The need for these guidelines is driven in part by the fact that a significant but undefined number of the proteins being reported as "identified" in proteomics articles are likely to be false positives (2). These incorrect matches probably result most often from the use of low-quality peptide MS/MS data to search the database. However, even high-quality data can produce invalid identifications if, for example, the actual peptide sequence is not in the database being searched. Many different algorithms are being used for peptide and protein assignment (e.g. MSTag, Mascot, SEQUEST, SpectrumMill, Sonar, etc.), and each has unique rules for scoring to move the most probable peptide assignment to the top of the "hit" list. In addition, new filtering criteria are being developed that, when layered onto the results from the above algorithms, help to eliminate a certain additional percentage of false positives (3, 4). It is very important that the users of these tools, our authors, have at least a working understanding of how the algorithm they use works. However, even the judicious use of scoring, threshold parameters, and additional filtering criteria for search engines, while serving the very important purpose of reducing the number of misassigned peptides and proteins, does not eliminate the problem. It is almost always possible to match a MS/MS spectrum to a peptide in the database; the difficult part is validating that the match is correct.
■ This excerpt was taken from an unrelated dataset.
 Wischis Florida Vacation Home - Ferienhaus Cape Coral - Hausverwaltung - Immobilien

This is not to imply that the situation is bleak. In fact, most assignments of proteins made with high-quality data and using more than a single peptide to identify a protein are likely correct. Furthermore, improved methods are being developed at a rapid pace. Recently, application of statistical methods to validate peptide assignments to MS/MS spectra of peptides has been shown to be a promising approach, and a number of groups are working in this area (2, 511). However, these programs are only beginning to be widely used and they are not universally accepted. MCP fully supports continued development and testing of such programs and will publish new search and filtering approaches to make them widely available to the proteomics community. However, in the absence of accepted standards and widely available tools that operate on such standards, there are guidelines that the journal can formulate that would help ensure the publication of high-quality information and to assist readers in being able to make their own assessment of the validity of the assignments in manuscripts. Thus, we introduce the initial set of such guidelines in this issue of the journal. The rationale and purpose of each of these is described below.
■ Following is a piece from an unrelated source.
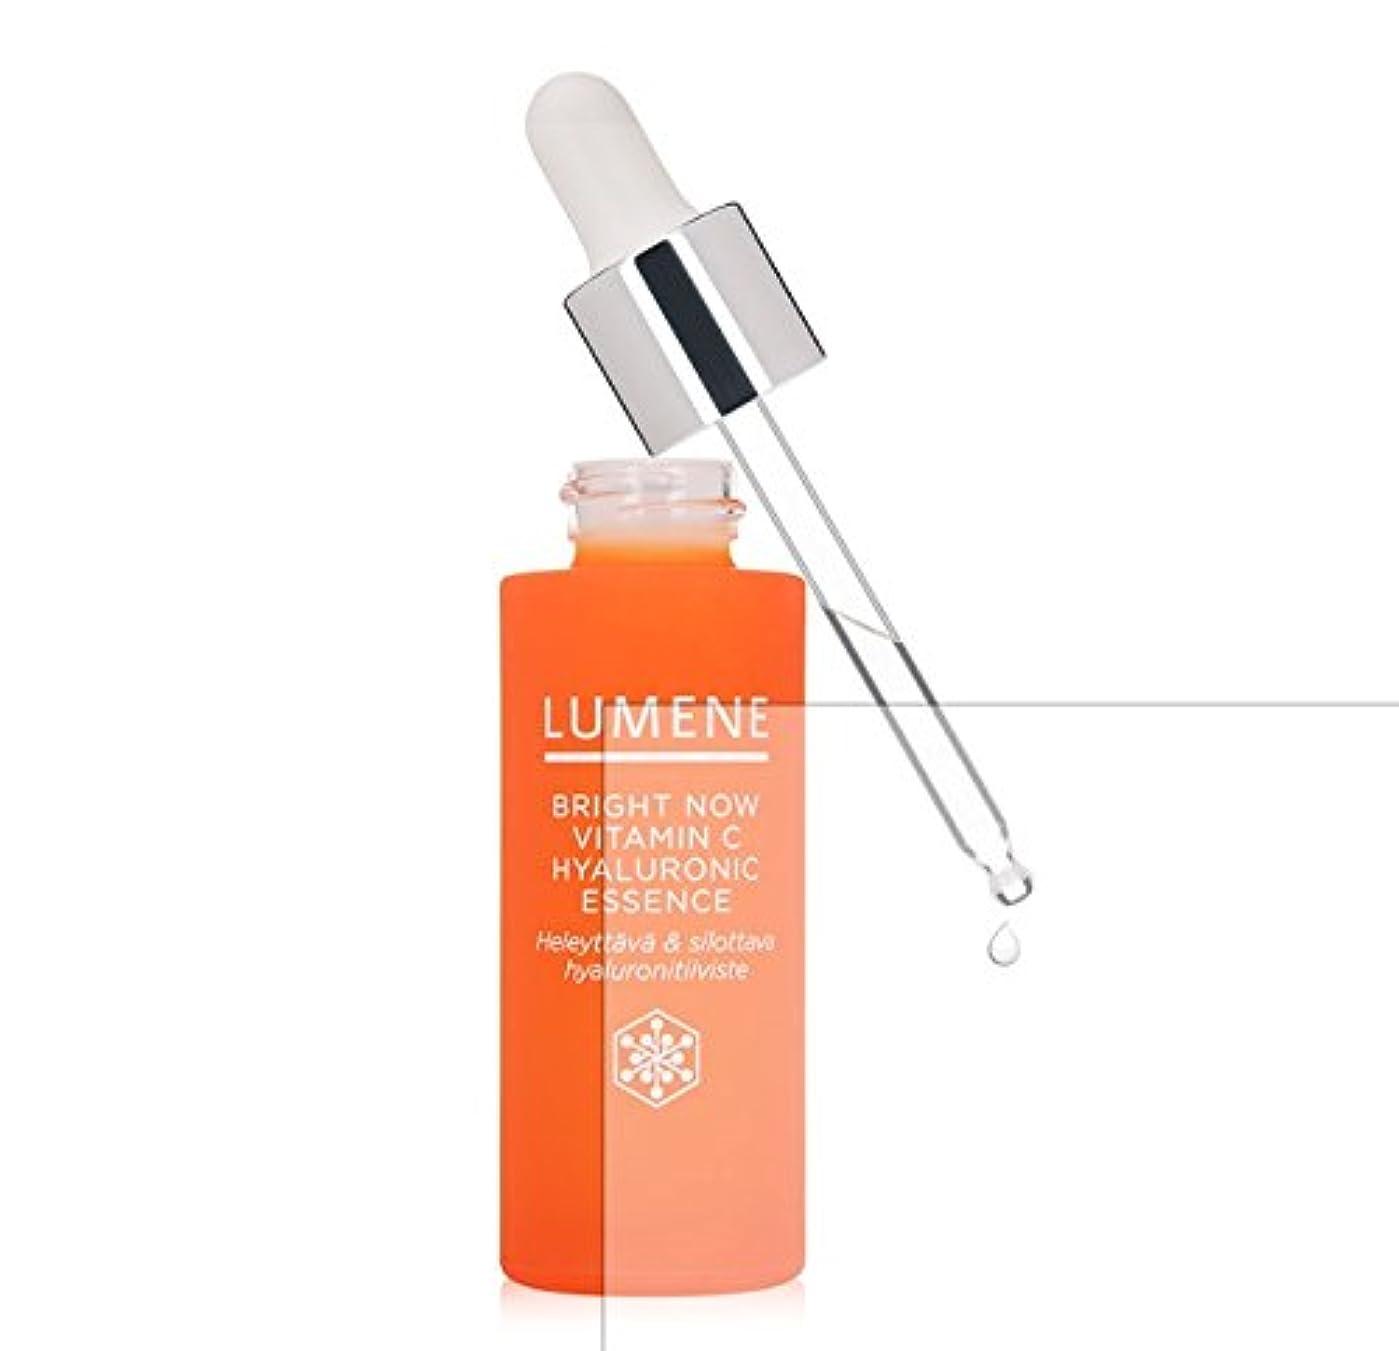 思慮のない物語歴史的Lumene Bright Now Vitamin C Hyaluronic Essence (1 fl oz.) 美容液 [並行輸入品]

The first (and obvious) guideline is to obtain sufficient information from authors to document what search engine was used and how peptide and protein assignments were made using that software.
Guideline 2 defines how peptides should be counted toward the identification of a protein. We do not at this time attempt to deal with the related issue of what constitutes a "unique" peptide with respect to the proteins identified. For example, the situation arises with respect to how to use peptides matching to one member of a protein family but not to any other. We are working toward a better definition of both the problem and possible ways for how to deal with this issue (also see explanation of guideline 6, below).
Guidelines 3 and 4 relate to the fact that, regardless of the search engine employed, the risk of a false-positive protein assignment is greater when only a single peptide is used to identify a protein than when multiple peptides (each satisfying the criteria for a good match in the given software) are used to make an identification by database searching (10). Therefore we are increasing the stringency of information required to use single-peptide identifications for protein assignment. This change is not meant to signal that proteins assigned with two or more peptide are automatically correct, only that there is a significantly higher potential for single-peptide assignments to be wrong.
While the accepted standard for peptide identification is now sequence information obtained by MS/MS data, a significant portion of the proteomics community continues to employ peptide mass fingerprinting data for peptide identification. Guideline 5 addresses this type of data and increases the stringency for its acceptance..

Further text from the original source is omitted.